Addressing The Needs of Native Communities & People Who Use Drugs During The Coronavirus Outbreak

Gwayakobimaadiziwin Bad River Needle Exchange is a community-based syringe services program operating out of the Bad River Indian Reservation. We are Anishinaabe and Ojibwe people living on the southern shore of Gichi-Gami or Lake Superior, in what is now known as northern Wisconsin. Our program serves the community of people in our region who use drugs and the people who love them. We provide sterile injection equipment, overdose prevention and naloxone distribution, sharps disposal, food and referrals. We are currently finishing a report describing our work, which also includes the results of collaborative community research conducted to share the perspectives of our program’s participants. It’s exciting to be involved in this work. As far as we can tell, this research is unique and we hope it leads to changes in the world that benefit our people.

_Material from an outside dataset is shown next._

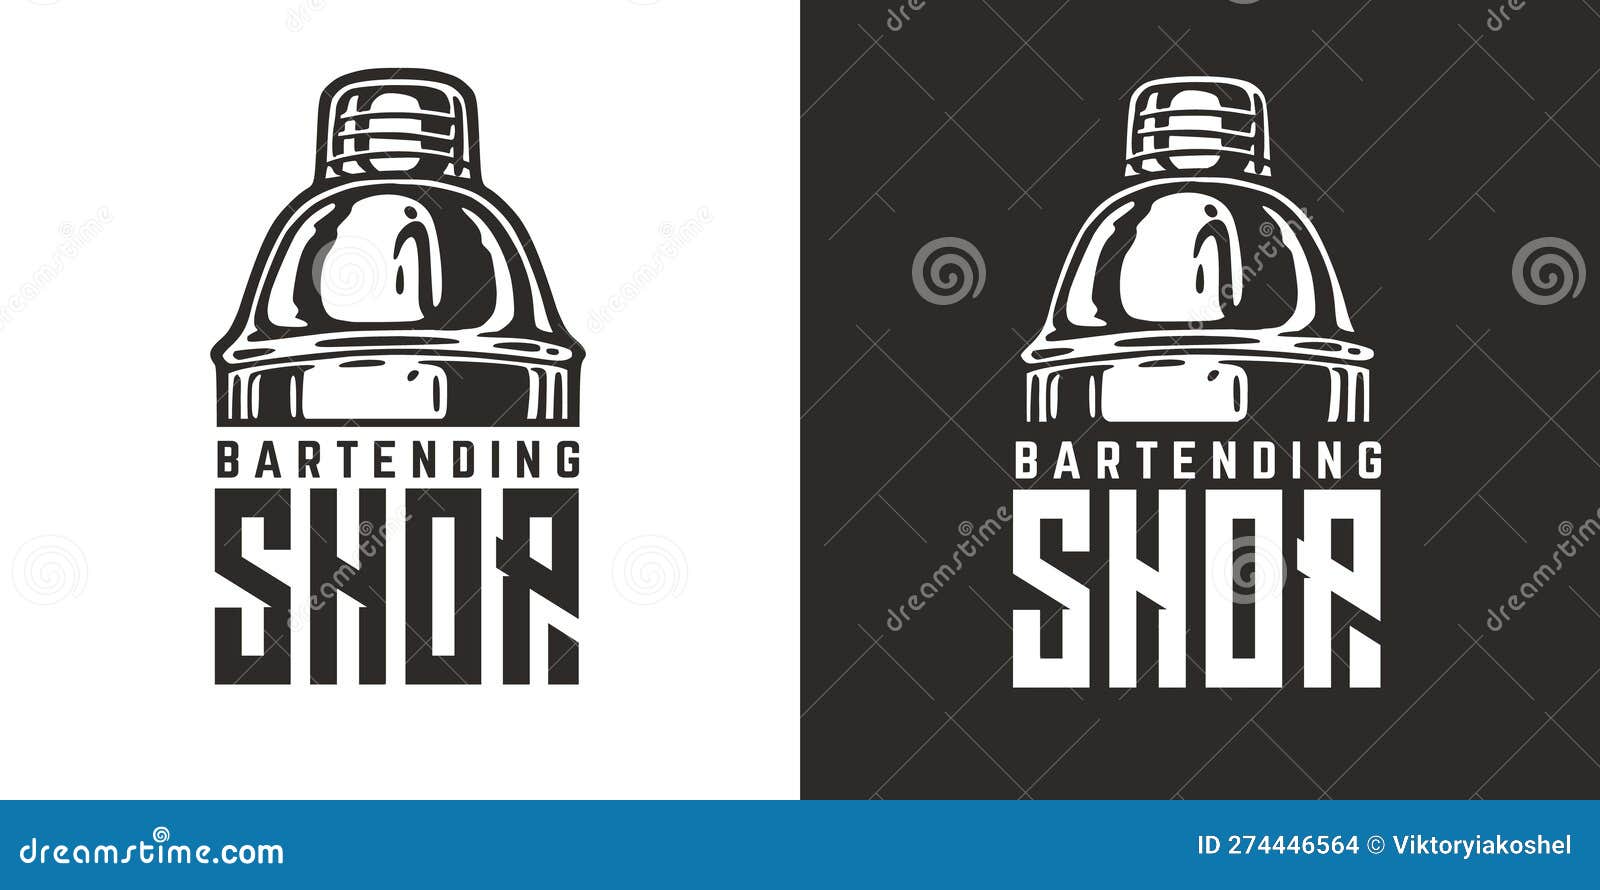 https://thumbs.dreamstime.com/z/bartender-logo-cocktail-shaker-bartending-shop-barman-bar-store-chromed-metal-boston-274446564.jpg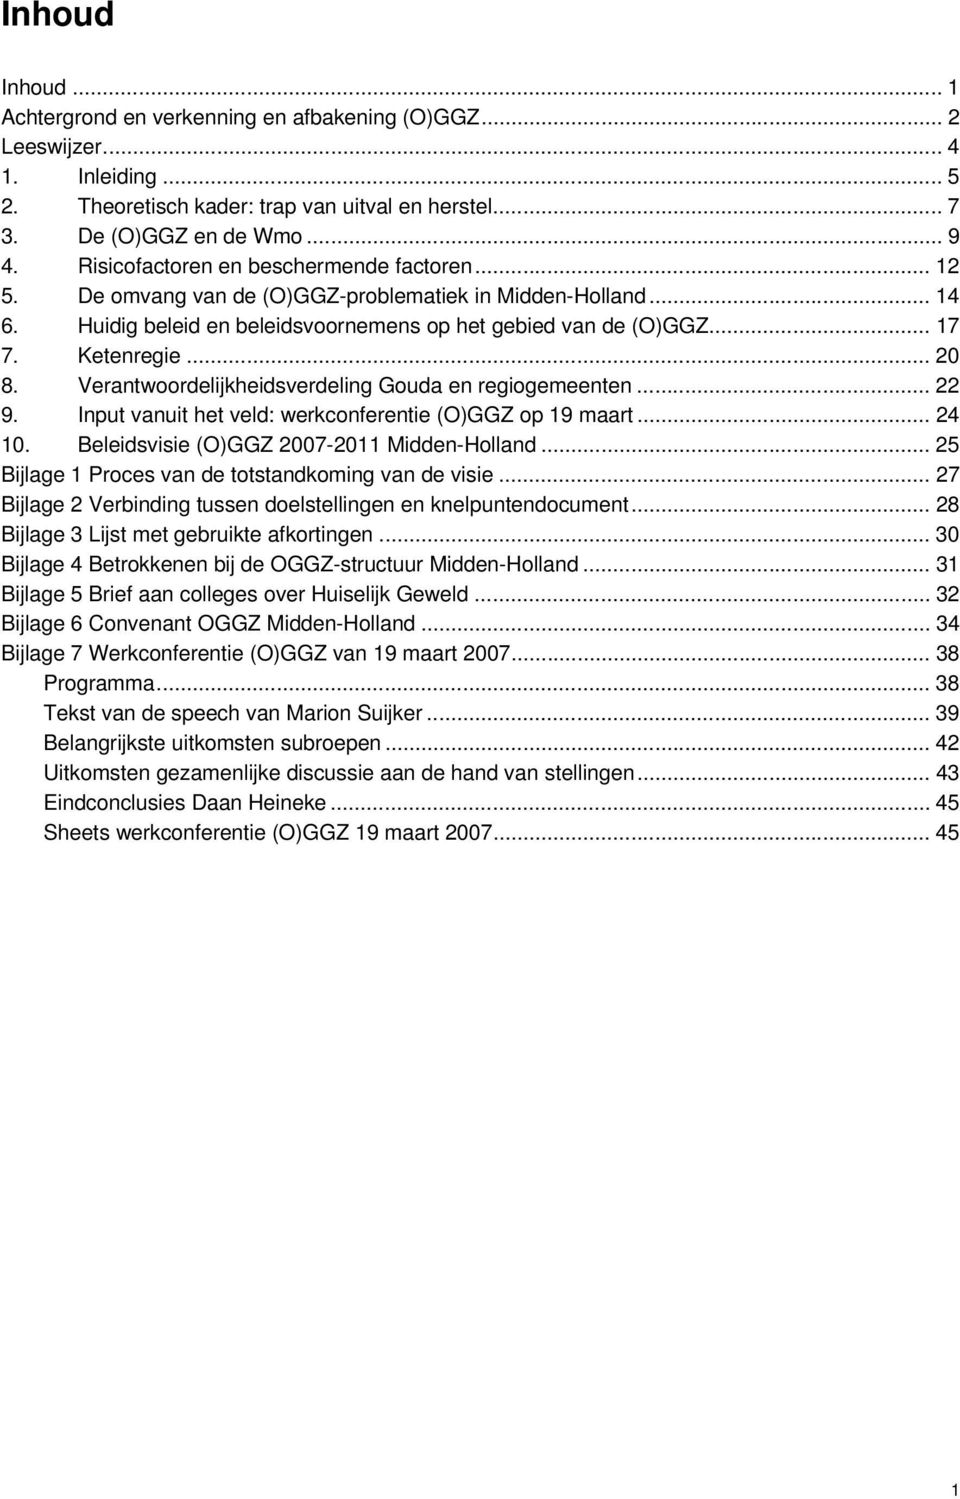 .. 20 8. Verantwoordelijkheidsverdeling Gouda en regiogemeenten... 22 9. Input vanuit het veld: werkconferentie (O)GGZ op 19 maart... 24 10. Beleidsvisie (O)GGZ 2007-2011 Midden-Holland.

Changes are needed right now, and have been needed for some time. According to data of the CDC and from the Wisconsin Department of Health, Native American women become HIV positive through injecting drugs at higher rates than any other group. This data point speaks volumes — it screams. Native American women who use drugs need access to their own sterile injection equipment, empowerment and education to reverse this alarming trend. Native Americans have also been dying from opioid overdose at some of the highest rates. In Wisconsin and elsewhere, rates of Hepatitis C infection among Native Americans has increased over 1000%. From our work in the community, we know that the Native Americans who inject drugs are particularly vulnerable to collateral trauma due to racial discrimination, including “bordertown” policing and difficulty accessing economic and educational opportunities, the epidemic of sexual and domestic assault and human trafficking that Native Americans experience, plus healthcare discrimination due to racial bias and poverty. These many-layered and related complications impact housing access and overall wellness. A significant portion of our program participants are homeless or very close to being homeless. Many are incarcerated in county jail facilities, which limit access to necessary healthcare for our community members. Three women recently overdosed in the Ashland County Law Enforcement Center and no treatment is provided for substance use disorder.

Today, we are doing our best to prepare for Covid-19. Thankfully, our homelands are in the interior of Turtle Island and we have had a little extra time to prepare. However, this disease is catching us with our pants down. Too many of our community members have nothing of their own, save a backpack. We are desperately searching for funds to cover temporary housing. Our fear is that the virus will hit the already vulnerable: our people in the jails and on the streets. We are doing our very best to find solutions: using our asemaa (tobacco) and offering prayers; this Saturday, women in the community will be dancing in their jingle dresses (which came to the Ojibwe to heal from the Spanish Influenza); and we’re also hunting for money and solutions, engaging in community collaborations and raising awareness. Our belief is that a society should be judged by its treatment of the most vulnerable. If we are civilized and humane, we would treat them with kindness and respect. As we are all connected through the air we breathe, and share, safeguarding the health of the vulnerable must be prioritized.